Paper Info Reviews Meta-review Author Feedback Post-Rebuttal Meta-reviews

Authors

Jingyang Zhang, Ran Gu, Guotai Wang, Lixu Gu

Abstract

In clinical practice, a desirable medical image segmentation model should be able to learn from sequential training data from multiple sites, as collecting these data together could be difficult due to the storage cost and privacy restriction. However, existing methods often suffer from catastrophic forgetting problem for previous sites when learning from images from a new site. In this paper, we propose a novel comprehensive importance-based selective regularization method for continual segmentation, aiming to mitigate model forgetting by maintaining both shape and reliable semantic knowledge for previous sites. Specifically, we define a comprehensive importance weight for each model parameter, which consists of shape-aware importance and uncertainty-guided semantics-aware importance, by measuring how a segmentation’s shape and reliable semantic information is sensitive to the parameter. When training model on a new site, we adopt a selective regularization scheme that penalizes changes of parameters with high comprehensive importance, avoiding the shape knowledge and reliable semantics related to previous sites being forgotten. We evaluate our method on prostate MRI data sequentially acquired from six institutes. Results show that our method outperforms many continual learning methods for relieving model forgetting issue. Code is available at https://github.com/jingyzhang/CISR.

Link to paper

DOI: https://doi.org/10.1007/978-3-030-87193-2_37

SharedIt: https://rdcu.be/cyhMf

Link to the code repository

https://github.com/jingyzhang/CISR

https://github.com/liuquande/SAML

Link to the dataset(s)

https://github.com/liuquande/SAML


Reviews

Review #1

  • Please describe the contribution of the paper

    This paper strives to improve continual learning on streams of different datasets when applied to medical images. In this framework, datasets using different acquisitions used for training in sequence, without access to previously-used datasets. This paper introduces a novel method for continual learning based on penalizing the change of “important” weights to both shape and certainty of the segmentation.

  • Please list the main strengths of the paper; you should write about a novel formulation, an original way to use data, demonstration of clinical feasibility, a novel application, a particularly strong evaluation, or anything else that is a strong aspect of this work. Please provide details, for instance, if a method is novel, explain what aspect is novel and why this is interesting.

    This paper addresses a critical need in the current climate of data privacy. Continual learning addresses limitations of both fine-tuning (catastrophic forgetting) and federated learning (implementation difficulty).

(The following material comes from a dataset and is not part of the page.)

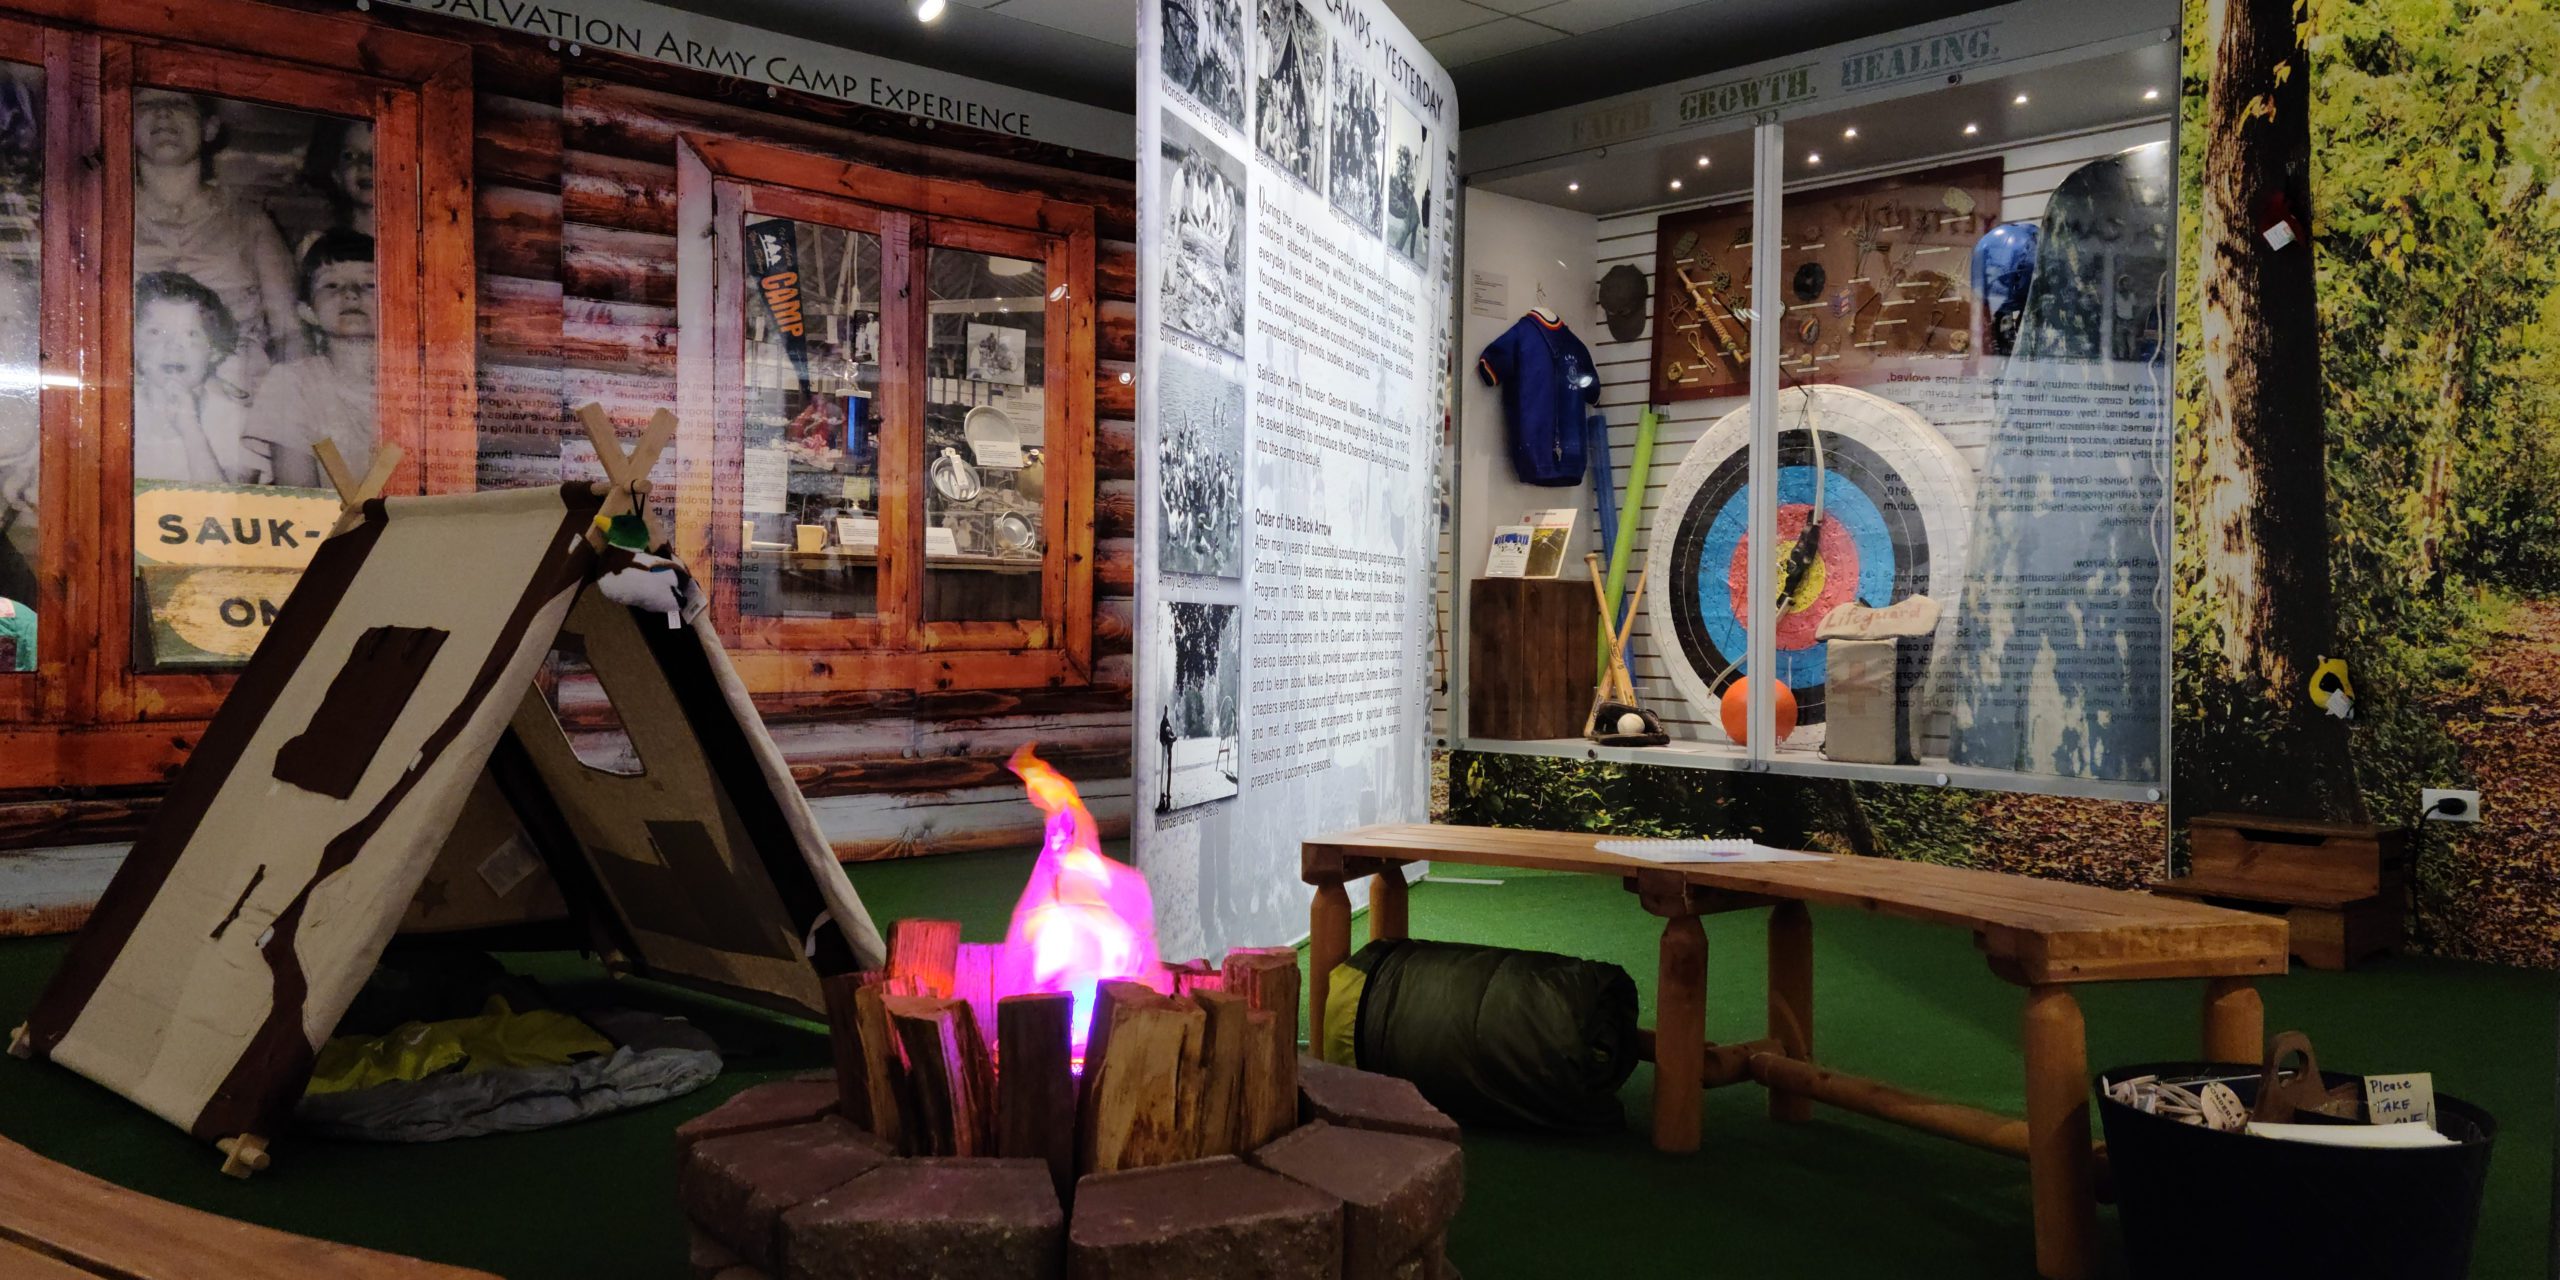 Photograph showing the interior of an exhibit gallery. Exhibit cases can be seen in the background with artifacts inside. One of the cases is decorated to look like a log camp cabin. In the foreground is a tent with artificial fire and bench.

    This paper is well-written and the results are very clear. There is a definite improvement over existing methods. In addition, this method does appear to be quite applicable.

  • Please list the main weaknesses of the paper. Please provide details, for instance, if you think a method is not novel, explain why and provide a reference to prior work.

    The definition of the variables used in the loss equations is unclear. The variables should be included in the figure describing the process to better allow the reader to see where losses are calculated. For example, it is unclear how L_seg and L_sp are calculated from the figure and equally unclear where variables such as r_n and T_e are used from the text.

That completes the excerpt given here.